At least 100 people were killed and 4,000 injured in the “colossal” explosion that swept through Beirut yesterday. Meanwhile, schools seeking alternatives to remote learning plan to move classes outside, and polarizing conservative Kris Kobach lost the GOP primary for a U.S. Senate seat in Kansas.
Here’s what we’re watching this morning.
Beirut in state of emergency after blast as death toll rises A huge rescue effort was underway in Beirut on Wednesday after much of the city was buried by rubble from a massive explosion Tuesday afternoon.
At least 100 people were killed and 4,000 injured, the secretary-general of the Lebanese Red Cross said. Those figures look set to rise with hospitals overwhelmed and victims still trapped underneath debris.
It wasn’t yet clear what ignited an estimated 2,750 tons of ammonium nitrate that had been stored in a warehouse at the port for six years without “preventive measures” to protect it.

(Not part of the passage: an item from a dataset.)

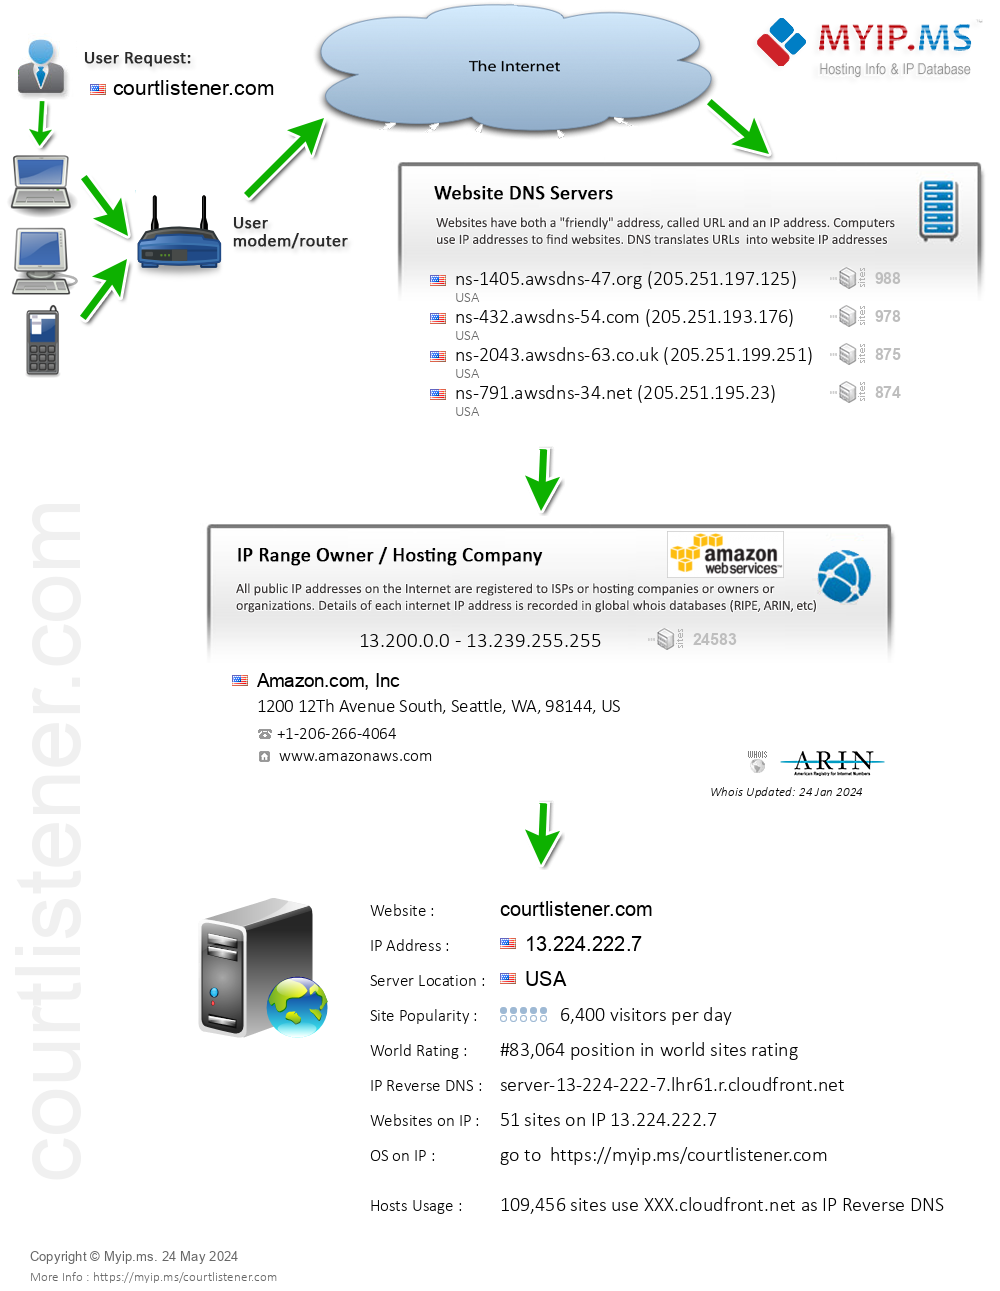 Courtlistener.com - Website Hosting Visual IP Diagram

The chemical compound, which is commercially available, is used widely in fertilizers and explosives.
Many in the capital saw their homes destroyed and family members injured, with daylight revealing scenes of destruction not witnessed in the country since its devastating civil war, which ended in 1990.
Condolences and offers of aid poured in from nations around the world, with the pope offering prayers and France sending emergency equipment.
Coronavirus concerns push schools to move classes outside With not long to go before the start of the new academic year, schools around the country have an unusual list of materials to get: carriage bolts, berry bushes, cedar wood, tree stumps, tents, and all-weather snowsuits.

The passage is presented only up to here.